A future for R

2016/07/04

useR 2016에서 있었던 것중에 특징적인 것을 가져왔습니다.

R markdown을 사용한 문서입니다.

특히 말미에 ODBC가 언급된 것이 흥미롭습니다.


A Future for R

Henrik Bengtsson, UC San Francisco

useR 2016, Stanford, CA, 2016-06-28

Slide comments

This is a 15 + 3 minute presentation.

My first R assignment

Calculating the sum 1 + 2 + … + 100:

> y <- sum(1:100)
> y
[1] 5050

My first R assignment

Calculating the sum 1 + 2 + … + 100:

> y <- slow_sum(1:100)    ## 2 min
> y
[1] 5050

Divide-and-conquer alternative: Calculate a = 1 + 2 + … + 50, and then b = 51 + 52 + … + 100, and then add up a and b:

> a <- slow_sum(1:50)     ## 1 min
> b <- slow_sum(51:100)   ## 1 min
> y <- a + b
> y
[1] 5050

Slide comments

My first future assignment

Parallel divide-and-conquer: Calculate a = 1 + 2 + … + 50 and b = 51 + 52 + … + 100 at the same time, and then add up a and b:

> library("future")
> plan(multiprocess)       ## Parallel processing

Future assignment: y %<-% x

> a %<-% slow_sum(1:50)    ## These two assignments are
> b %<-% slow_sum(51:100)  ## non-blocking and in parallel
>
> y <- a + b               ## Waits for a and b
> y
[1] 5050

Friedman & Wise (1976, 1977), Hibbard (1976), Baker & Hewitt (1977)

Definition: Future

y %<-% { expr }

Slide comments

References

R package: future (!)

Image: CRAN version: 1.0.0 Image: Travis CI: passing Image: Codecov: 97%

Many ways to resolve futures

Strategy: | :———————|:———————- eager | sequentially lazy | only if needed multiprocess | in parallel cluster | on a set of machines |

> plan(lazy)

> a %<-% slow_sum(1:50)
> b %<-% slow_sum(51:100)
>
> b
[1] 3775

Future a will never be evaluated!

Consistent futures everywhere (!)

> library("future")
> plan(multiprocess)
> demo("mandelbrot")

Calculating and plotting
Mandelbrot regions ...

Image: Screenshot of demo(mandelbrot)

- Region 1 done
- Region 2 done
- Region 7 done
- Region 5 done
- ...

Image: Screenshot of demo(mandelbrot)

Future takes care of globals (!)

Global variables and functions that are needed for the future expression to be resolved are identified automatically and frozen / exported.

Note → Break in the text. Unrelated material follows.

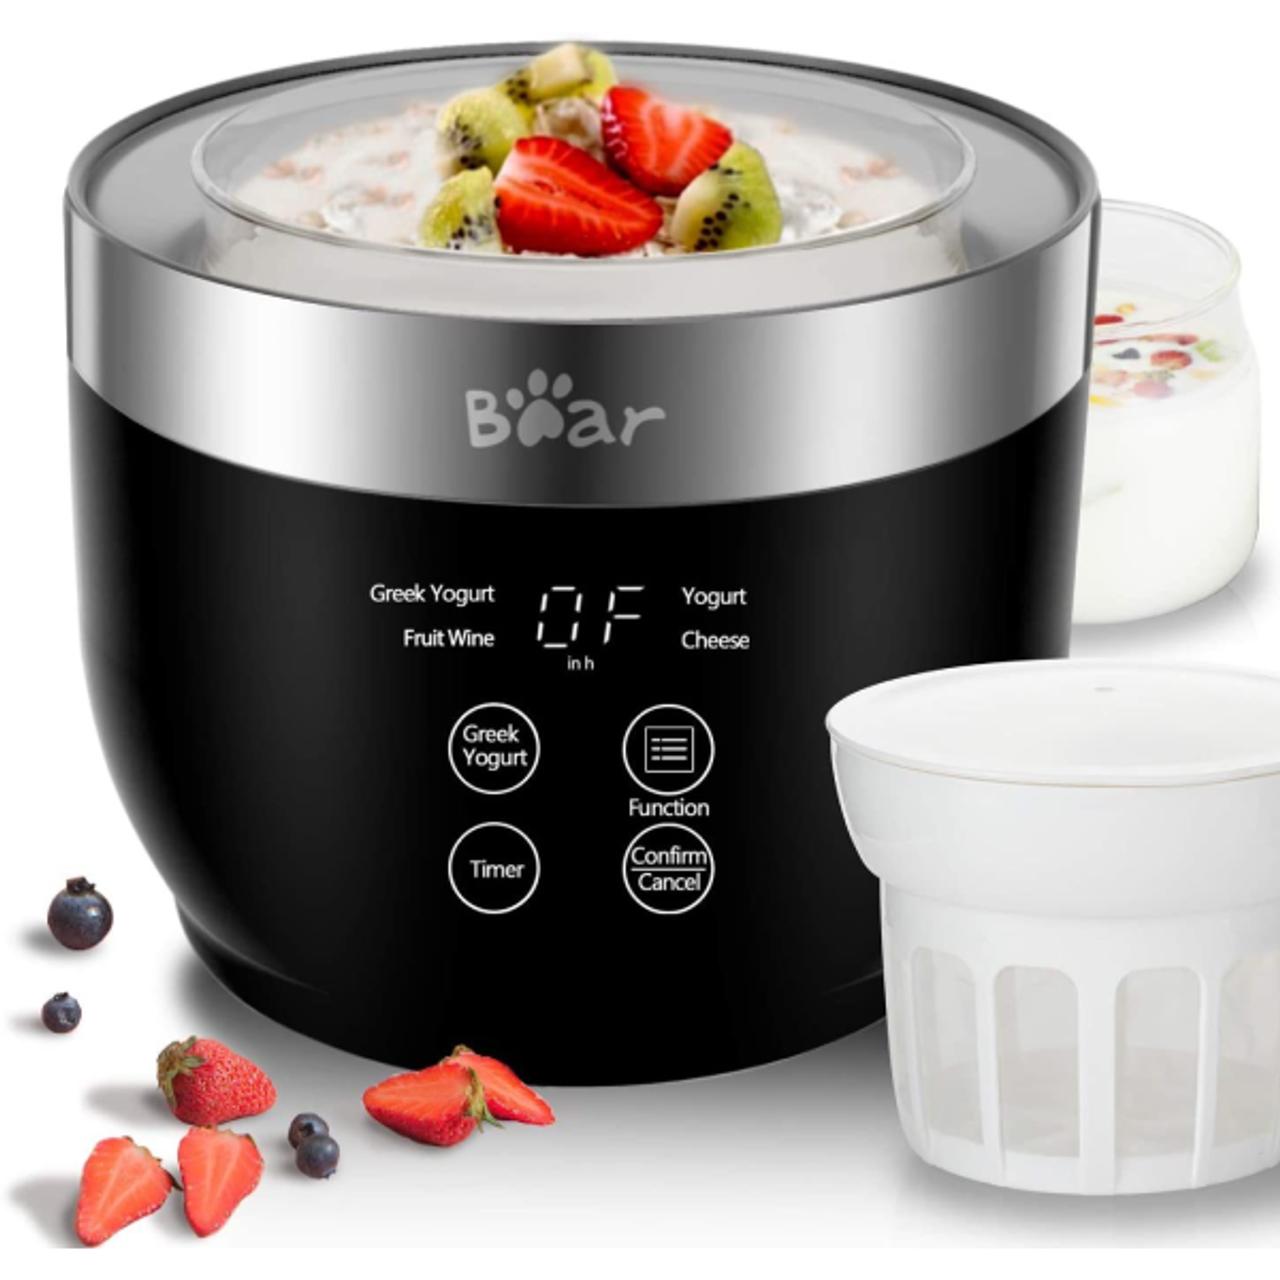 Automatic Digital Yogurt Maker! .99 (REG .99) + Free Shipping at Until Gone!

Packages are automatically loaded.

x <- rnorm(n=100)

y %<-% { slow_sum(x) }

Globals identified and frozen / exported: 1. slow_sum() - a function.

  1. x - a numeric vector of length 100.

Nested futures (!)

x <- rnorm(n=100)

a %<-% {
  c %<-% slow_sum(x[1:25])
  d %<-% slow_sum(x[26:50])
  c + d
}

b %<-% {
  c %<-% slow_sum(x[51:75])
  d %<-% slow_sum(x[76:100])
  c + d
}

y <- a + b

Different strategies for resolving, e.g.

High Performance Compute (HPC) clusters

Image: Future Art: Mainframe computer room

Map-Reduce for HPC

## Find our 40 FASTQ files
fastq <- dir(pattern = "[.]fq$")           ## 200 GB each!

## Align them
bam <- lapply(fastq, FUN = DNAseq::align)  ## 6 hours each!
library("BatchJobs")
reg <- makeRegistry(id="DNASEQseq")

fastq <- dir(pattern = "[.]fq$")
batchMap(reg, fastq, fun = DNAseq::align)
submitJobs(reg)
bam <- loadResults(reg)

Image: CRAN version: 0.12.0 Image: Travis CI: passing Image: Codecov: 90%

future.BatchJobs: Futures for HPC

future.BatchJobs: Job scheduler:
batchjobs_slurm Slurm
batchjobs_sge Sun Grid Engine
batchjobs_torque TORQUE / PBS
batchjobs_lsf Load Sharing Facility
batchjobs_openlava OpenLava
library("future.BatchJobs")
plan(batchjobs_slurm)
bam <- listenv()
for (i in seq_along(fastq)) {
  bam[[i]] %<-% DNAseq::align(fastq[i])
}

Parallel alternatives

Image: Future Art: Inside of the Stanford Torus by Donald Davis, NASA paintings, 1975 (public domain)

foreach: Futures with foreach()

## Align them
foreach(i = seq_along(fastq), .export = "fastq") %dopar% {
  DNAseq::align(fastq[i])
}

Image: CRAN version: 0.2.0 Image: Travis CI: passing Image: Codecov: 100% (48 lines!)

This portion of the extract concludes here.